Filesystem stats not including xfs device

I have 2 devices I expect to see logs for "xvda" and "nvme0n1". The second doesn't appear in kibana. It is a xfs filesystem. I do see one error showing up repeatedly in the metricbeat logs, but it's hard to tell if it's related. The error is...

ERROR elasticsearch/client.go:374 Failed to encode event: unsupported float value: NaN

Output from "lsblk"
xvda 202:0 0 50G 0 disk
nvme0n1 259:0 0 1.7T 0 disk /data

Output from "cat /proc/filesystems"

nodev sysfs
nodev rootfs
nodev ramfs
nodev bdev
nodev proc
nodev cpuset
nodev cgroup
nodev cgroup2
nodev tmpfs
nodev devtmpfs
nodev debugfs
nodev tracefs
nodev securityfs
nodev sockfs
nodev bpf
nodev pipefs
nodev hugetlbfs
nodev devpts
nodev autofs
nodev pstore
nodev mqueue
nodev selinuxfs
nodev xenfs
nodev overlay
nodev binfmt_misc

Output from "cat /etc/fstab"
/dev/nvme0n1 /data xfs defaults,noatime,nodiratime 0 0

Output from "df -h"
Filesystem Size Used Avail Use% Mounted on
/dev/nvme0n1 1.8T 1.7T 114G 94% /data

What am I doing wrong?

Hi @Eric_Herbrandson and welcome to discuss :slight_smile:

I tried to reproduce this issue with an xfs device but I couldn't, the device was properly reported.

Could you send the output of stat -f /dev/nvme0n1?

This error could be caused by other metricsets, could you also try to disable all metricsets except filesystem to check if this is the module generating this error?


Thanks so much for your reply @jsoriano! Your response got me thinking and almost certainly this issue is because metricbeat is running in side a docker container. I can't believe I forgot to mention that in my original post :frowning:

What's the best way to resolve that? Do I just need to make sure some path on that device is mounted into the container?

There are 2 parts here I think. First you need to mount it into the container in case you run metricbeat inside the container.

Second, the error you see should not happen any means we hit some edge cases. Any chance you could provide the output from the command @jsoriano posted above?

Here is the ouput:

File: "/dev/nvme0n1"
ID: 0 Namelen: 255 Type: tmpfs
Block size: 4096 Fundamental block size: 4096
Blocks: Total: 7853870 Free: 7853870 Available: 7853870
Inodes: Total: 7853870 Free: 7853537

However, all of the commands and output I've listed are from the host, not the container. I assume you want them from the container instead? However, stat -f /dev/nvme0n1 from inside the container errors with "stat: cannot read file system information for '/dev/nvme0n1': No such file or directory"

@Eric_Herbrandson it should be possible to access the devices if you mount /dev as a volume in /hostfs/dev and you start metricbeat with --system.hostfs=/hostfs. If this doesn't work we might need to take a deeper look.

Another option is to use the --device docker run flag, for example --device /dev/nvme0n1 would expose this device in the container.

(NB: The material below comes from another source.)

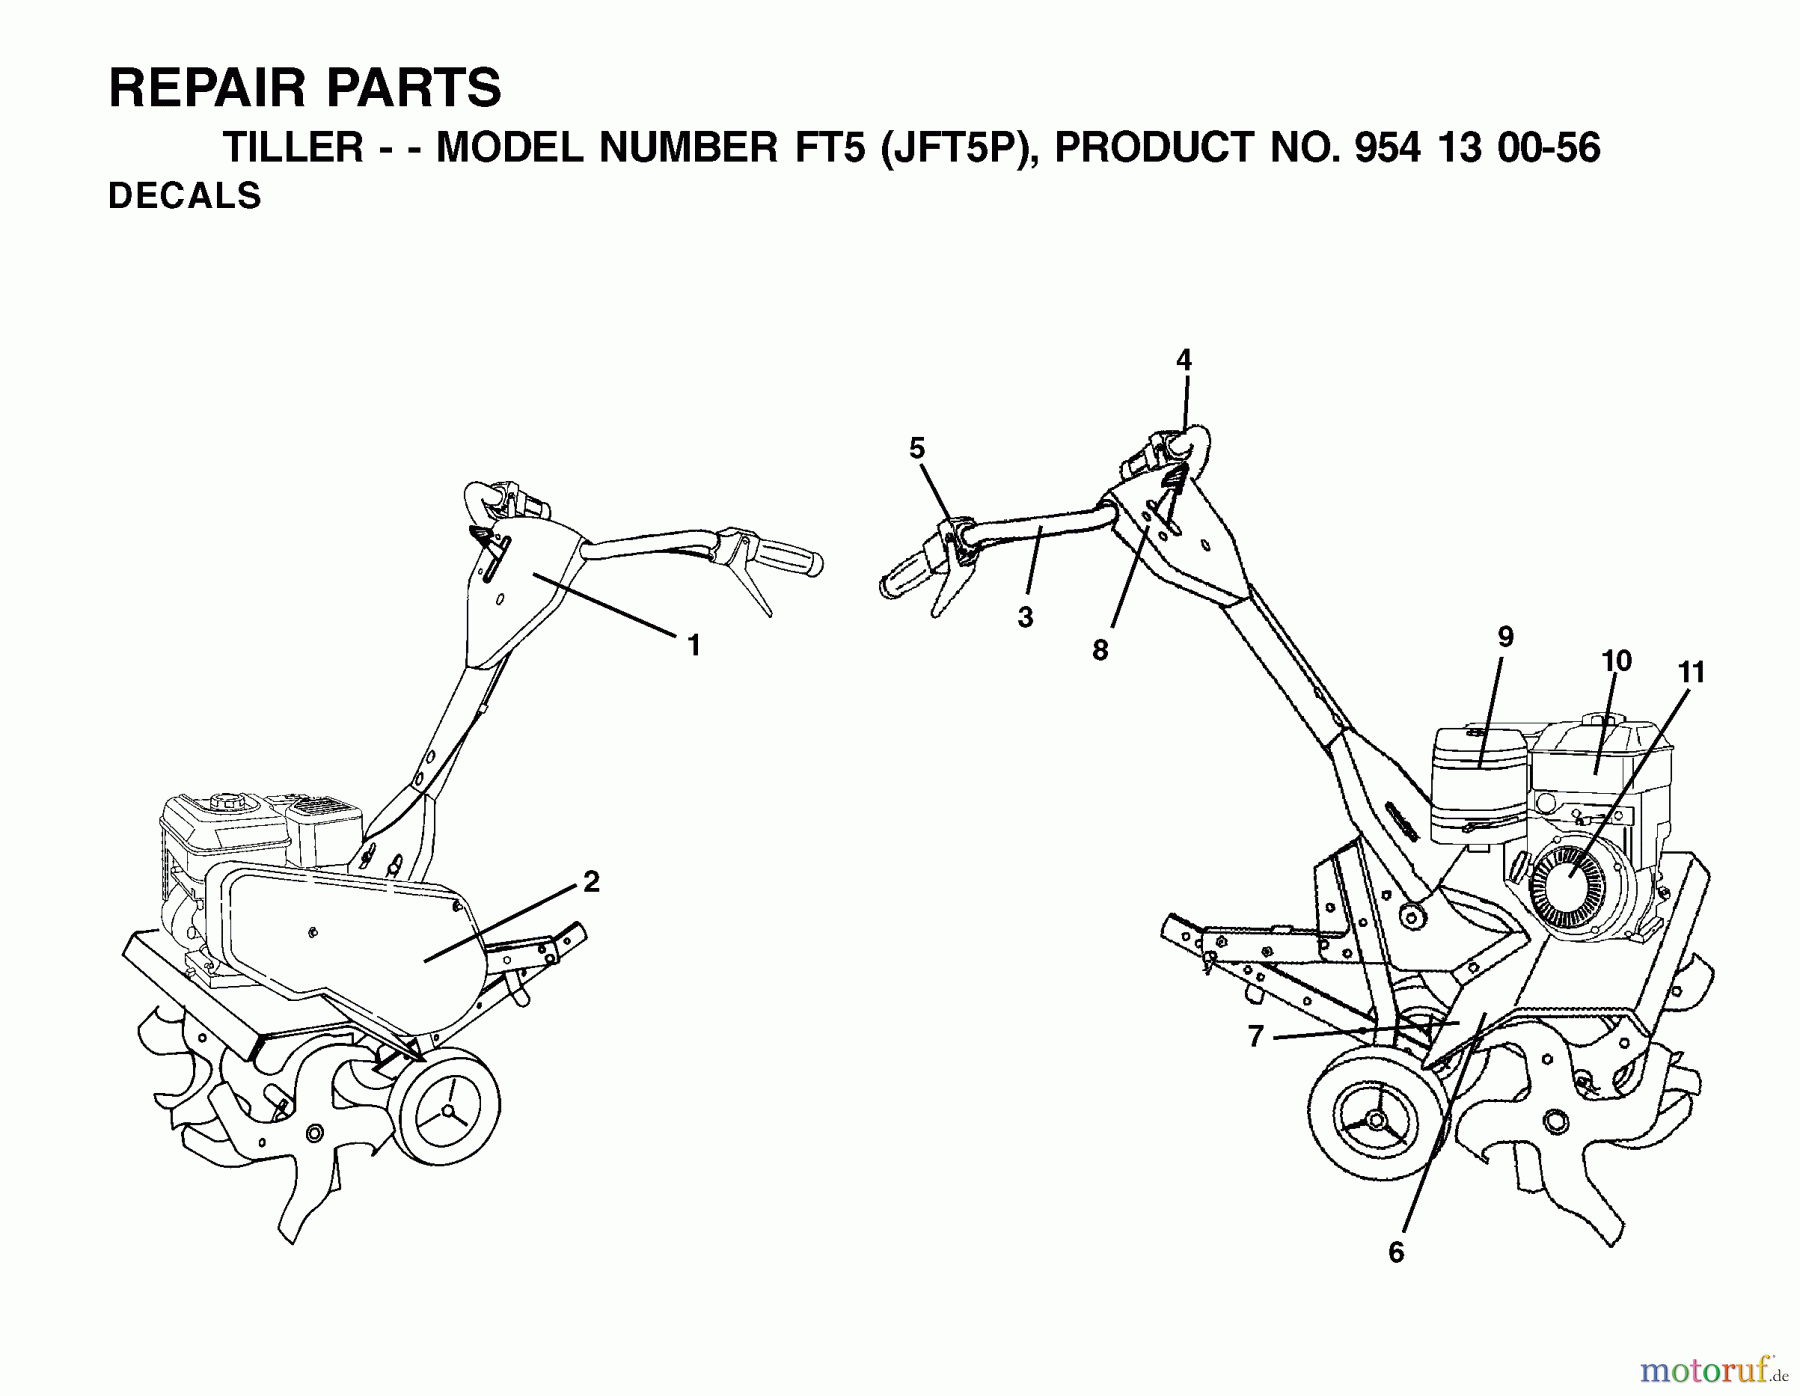  Jonsered Motorhacken / Kultivierer FT5 (JFT5P, 954130056) - Jonsered Front-Tine Tiller (2002-02) DECALS
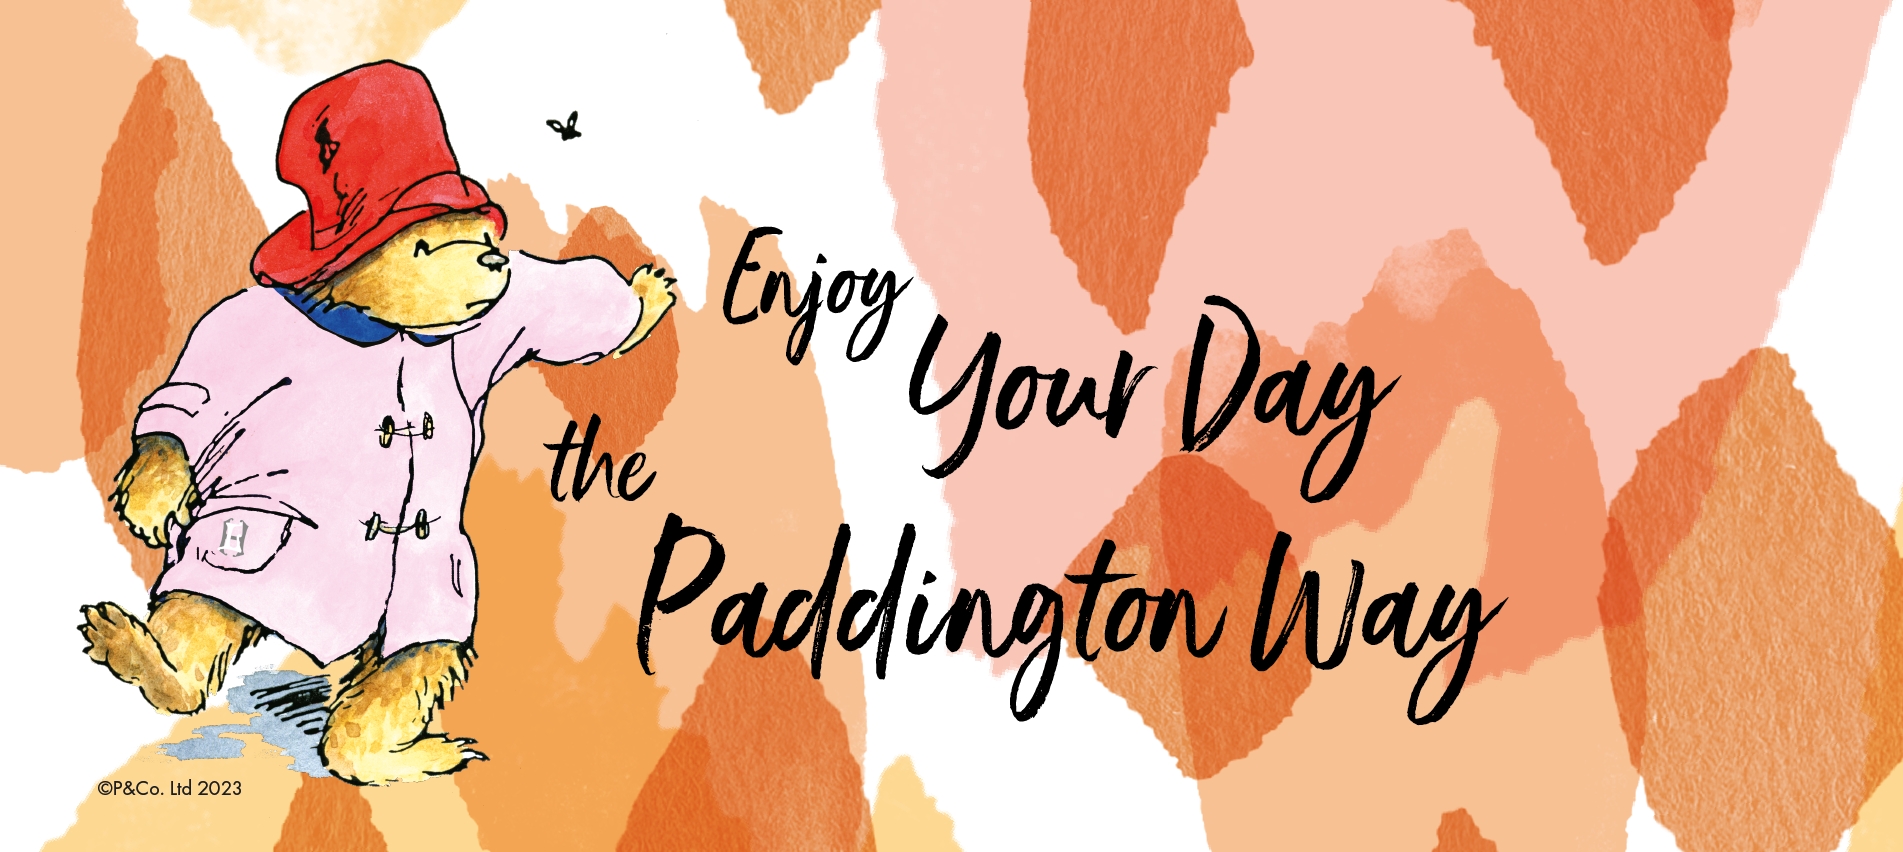 Enjoy Your Day the Paddington Way

@jsoriano That did the trick! Though, I did also need to add the -e argument before it started working. Thanks so much for the help!

I am still getting the error "elasticsearch/client.go:374 Failed to encode event: unsupported float value: NaN". Would you like to try to track that down? If so, would you like to continue discussing in this thread or would you prefer we start a separate thread for that?

Good to read that it is working for you now! For the record, what did the trick? Mounting /dev under /hostfs, or the --device flag?

The -e argument only changes the logs configuration so the are written to stderr. This shouldn't affect any other thing.

Are you still missing events? To identify what metricset is creating the incorrect events it'd be good if you could try to enable them one by one to try to isolate the problem.

And what version of metricbeat are you using?

Mounting /dev did it.

I don't know that we're missing events, but I guess it could be possible. I've narrowed it down to the diskio metricset. When I remove that, the errors go away.

A fix for the diskio metricset was recently merged:

This will be available in 6.7.2 and 7.0.1.

Great. Thank you so much for all the help!

This topic was automatically closed 28 days after the last reply. New replies are no longer allowed.